Riding along on a few with some of the team in our Syracuse office, I was once again reminded of the importance of air sealing and how it can still be a mystery even for folks who are savvy to the inner-workings of a home.
The fist home was older and although solidly built, suffered over the years a lack of insulation as well as a great deal of air-leakage. The homeowner, a retired fireman who was remodeling the place, called us because he wanted insulation and a new heating system.
Attic airleaks filtered through insulation
Firemen know about homes, and they know about the importance of airflow. It’s a key component in combustion after all. So it was easy to explain why it was necessary to tackle air leaks before adding insulation. But really the evidence was laid out before us.
The turned over fiberglass lying on top of loose blown in insulation was blackened from airflow all over the attic. Essentially, lot’s of air was moving through the ceiling and into the attic. From the chimney, from open walls from wires and pipes, everywhere this attic could leak it did. And the fiberglass didn’t stop the air—that’s not what it was designed to do. It did clean the air a bit as the air raced through. So, this home really didn’t have effective insulation, but rather a big air filter up in the attic. How nice to clean the air that you’re throwing away to the outside right along with the heat that it carries!
Being a fairly old leaky home with no insulation in the walls it had more heating than necessary. Baseboard and radiators were laid out everywhere! The homeowner joked he was going to turn the boiler downstairs into a camper it was so big! After we properly air seal and insulate, and then size a new boiler appropriately, he won’t be burning through heating fuel so quickly this coming year.
The second home was a modern one built more recently. This tri level home was well taken care of and the homeowner, being quite handy had recently spent a great deal of time adding some nice finishing touches here and there.

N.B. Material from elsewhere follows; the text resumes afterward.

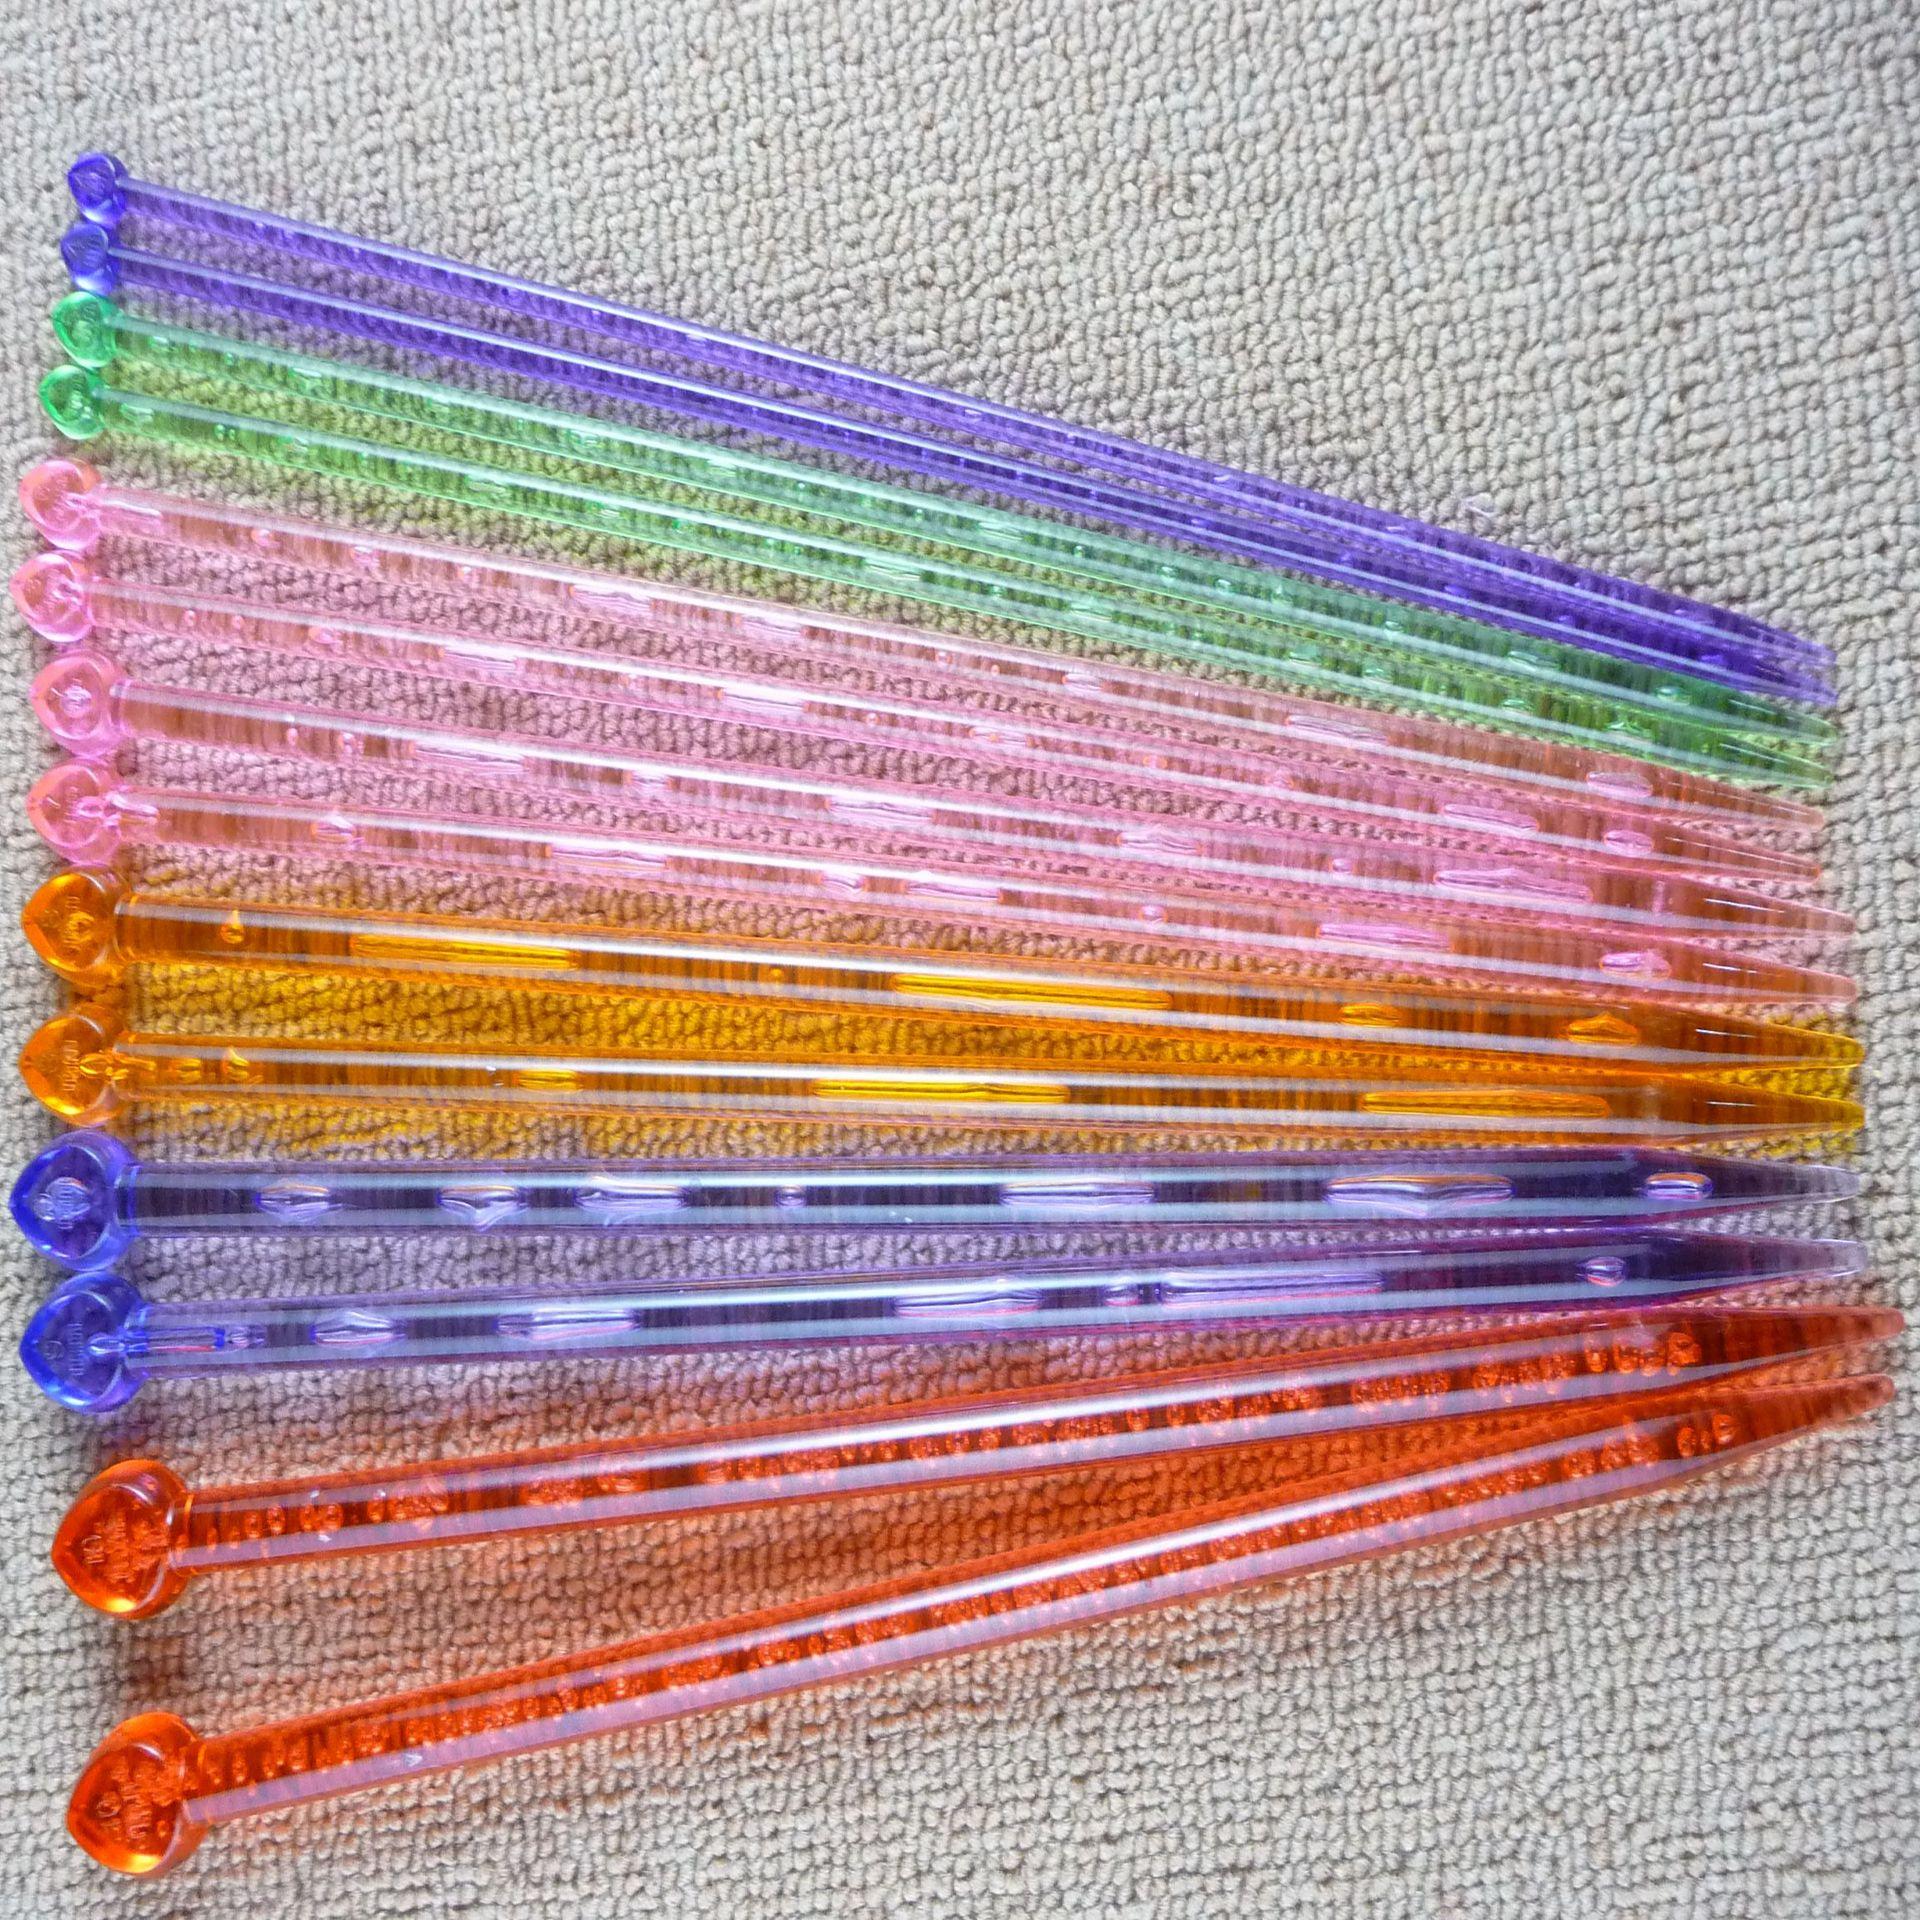 14pcs/set Multi-color Knitting Needles Knit Crochet Hooks Plastic Craft Weave Craft Plastic Single Pointed Knitting Sticks

Their son was off at college but came home for his final year and they offered to turn the heat up since they were keeping it low to save money. For him the rental home on campus was leaky and un-insulated, anything was better! Certainly this new home should be a comfortable home for the most part but they were sacrificing comfort to save money, they knew there was room to improve.
Again the request was for more insulation and here’s another savvy homeowner asking. Their concern was comfort and high energy bills, and since he’d crawled around in the attic a few times, he knew more insulation wouldn’t hurt. And he’s right, kind of. More insulation would be good, especially covering the bare spots like the one below. But, again, only AFTER air-sealing.
Big opening in an attic that leaks inside air
He had put gaskets over the light switch plates and had new windows installed. What he was missing were sealing the big holes in the attic, and these are the ones that cause a great deal of heat loss, not just in this home, but in most. With the various levels of the home all connected in the attic, we find the worst offenders, the stuff that needs sealing shut before more insulation is added. Even for such a modern home our testing revealed that that home was twice as leaky as it should have been even though it looked like it was in good shape.
In these homes, and in the majority that we see, comfort is a big sacrifice on top of too-high heating bills. The good news is they’re we’re able to find the problems. And we’ll be sending out crew to make the fixes in the next couple of weeks. And new or old, most homes
need some buttoning up. Does yours? For both of these savvy homeowners, this winter should feel a whole lot better with no air flow…now they know.